----- Data

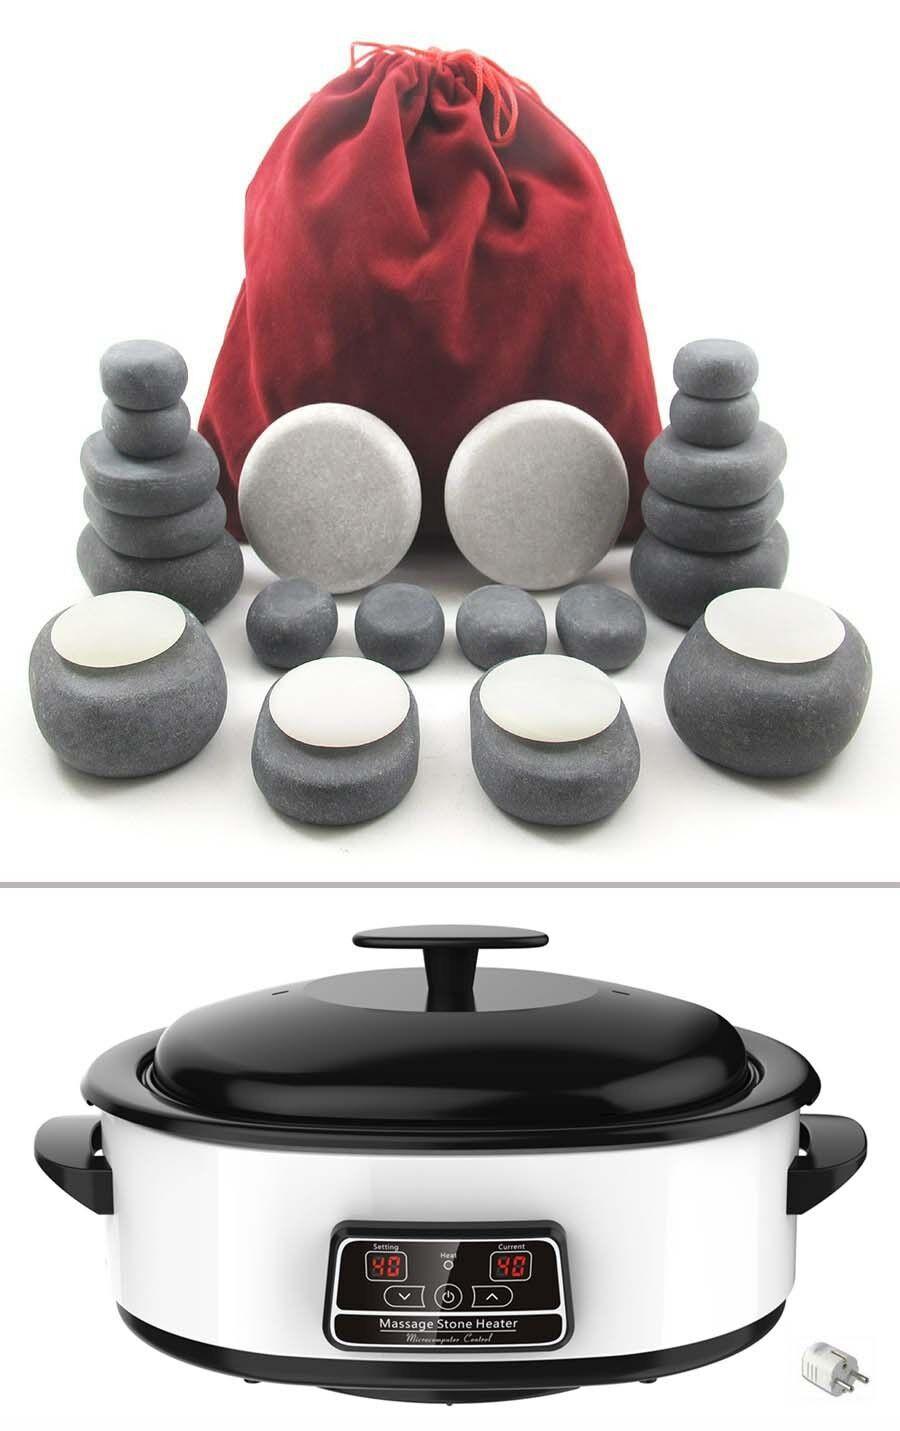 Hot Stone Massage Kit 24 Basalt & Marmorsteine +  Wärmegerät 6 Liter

----------
----- Data

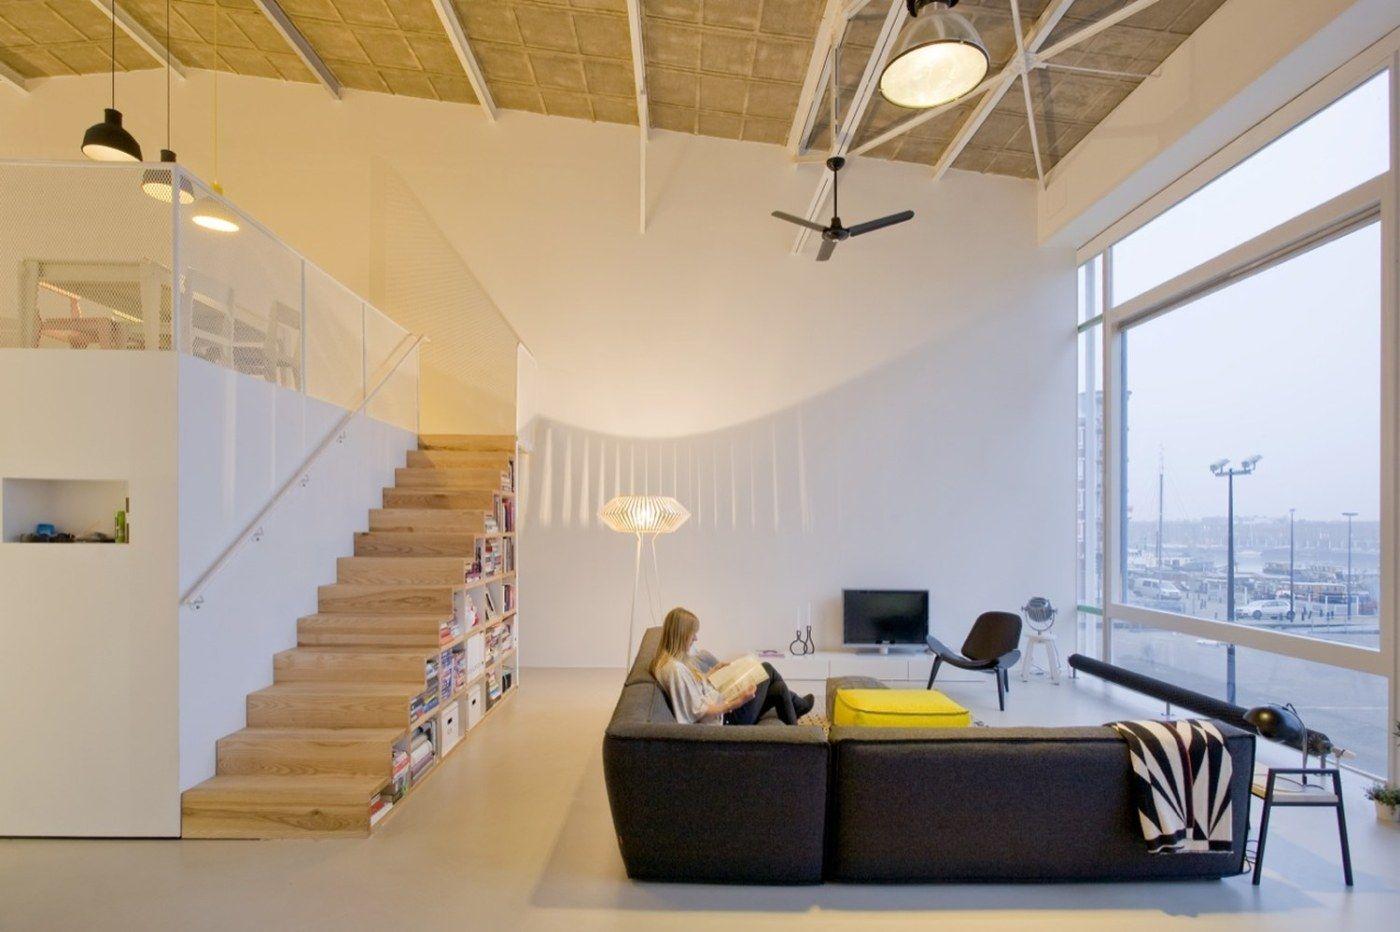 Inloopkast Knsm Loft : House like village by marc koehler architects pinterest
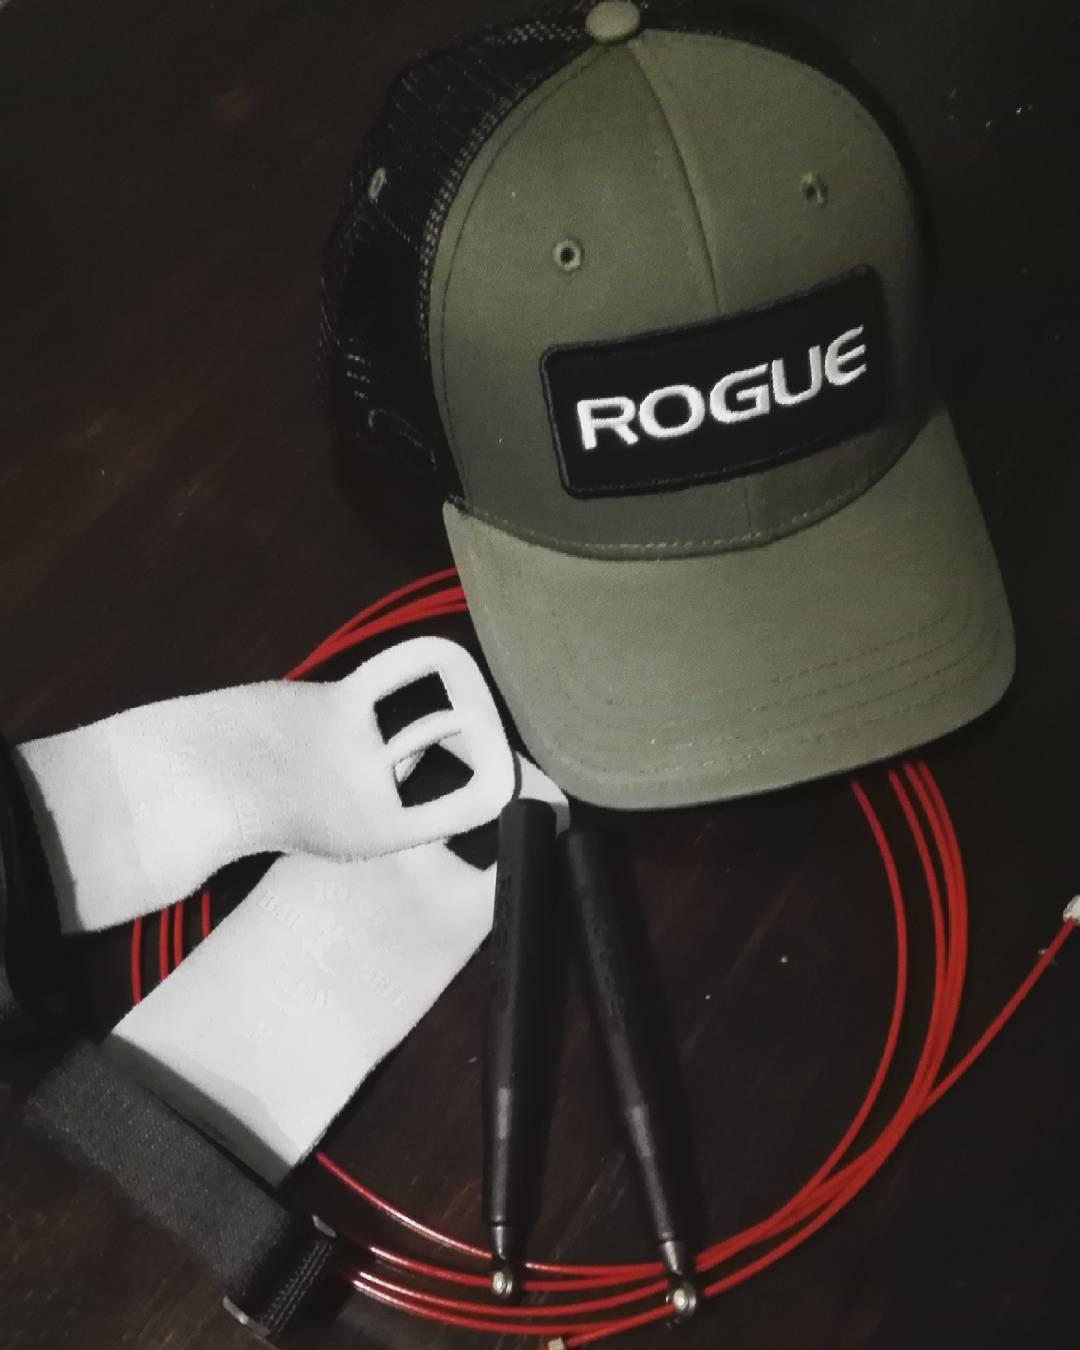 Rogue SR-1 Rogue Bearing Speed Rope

----------
----- Data

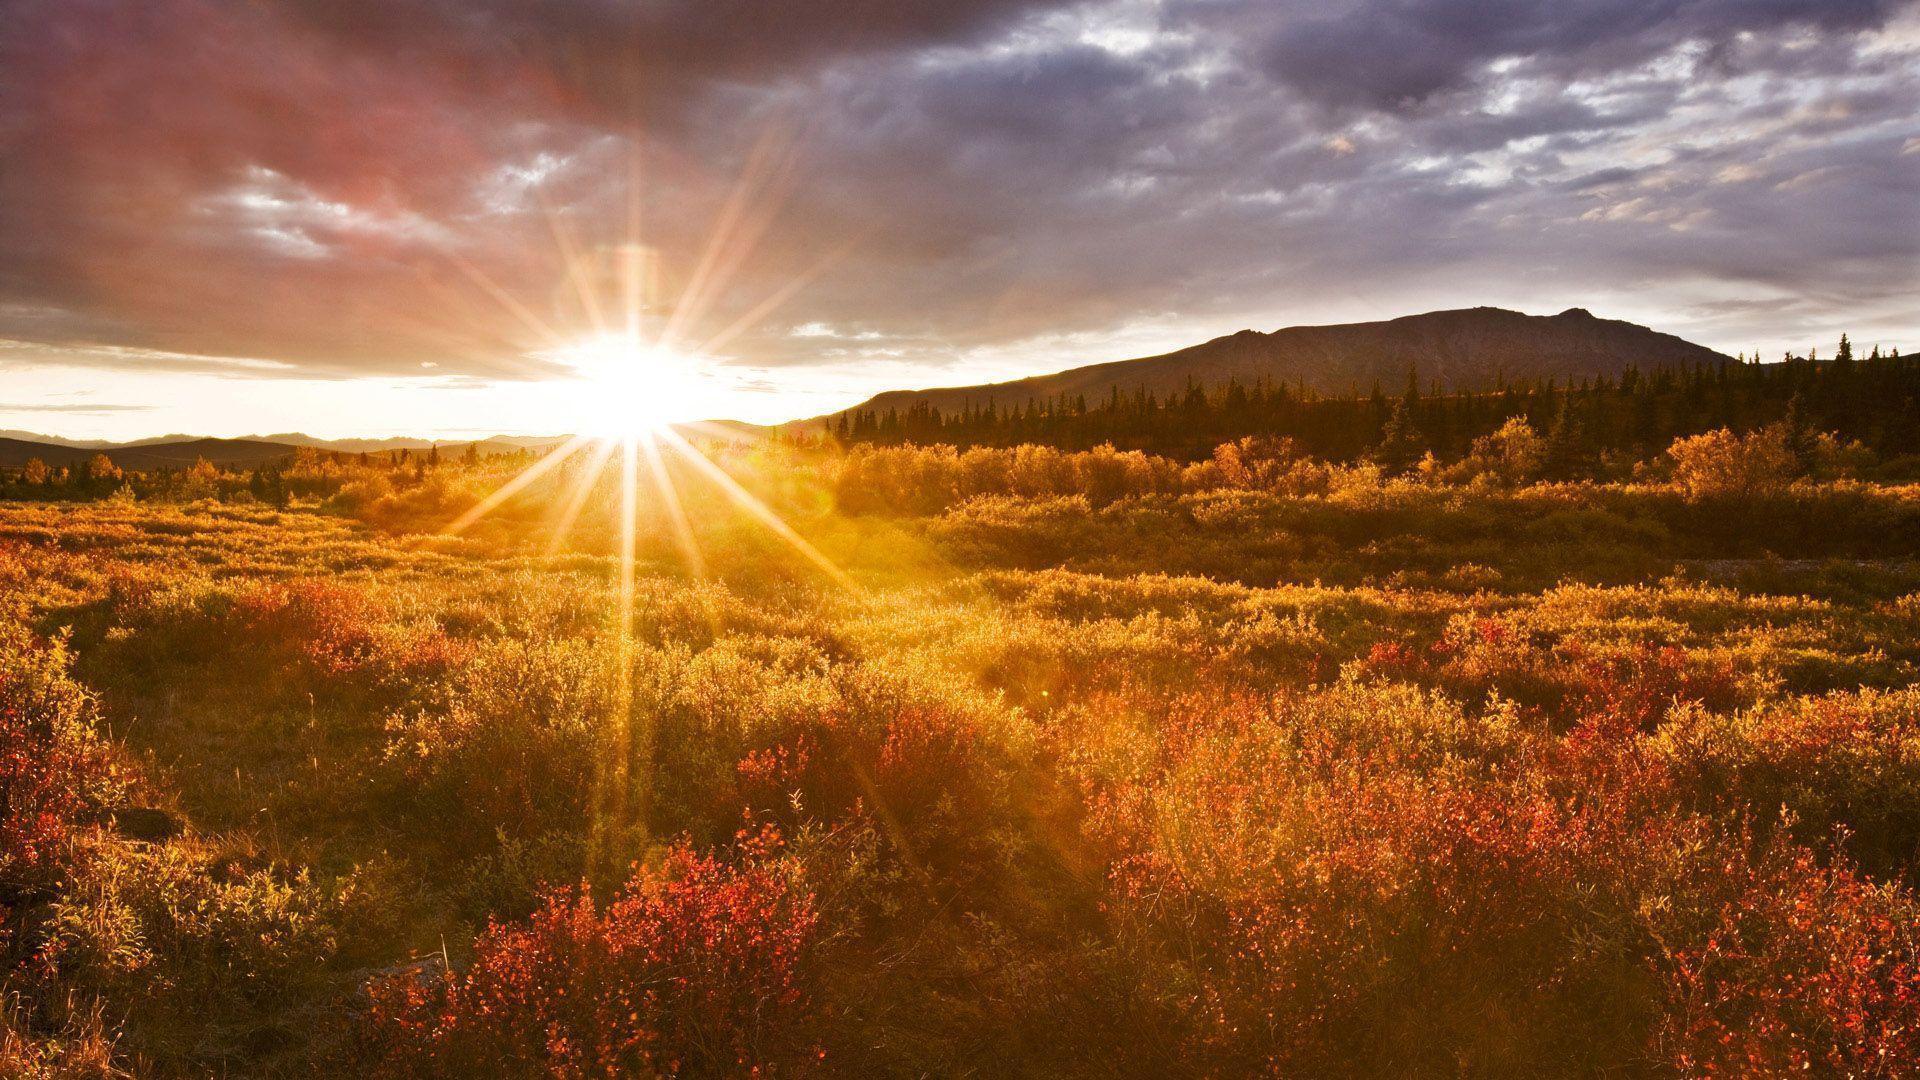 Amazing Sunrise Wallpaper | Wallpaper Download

----------

Problem to solve
Look above for the line with "Inloopkast Knsm Loft" and the line with "Rogue SR-1 Rogue Bearing Speed Rope", then restate exactly those two lines and all lines between them, with no pictures.

Solution for this problem
 Inloopkast Knsm Loft : House like village by marc koehler architects pinterest
 Rogue SR-1 Rogue Bearing Speed Rope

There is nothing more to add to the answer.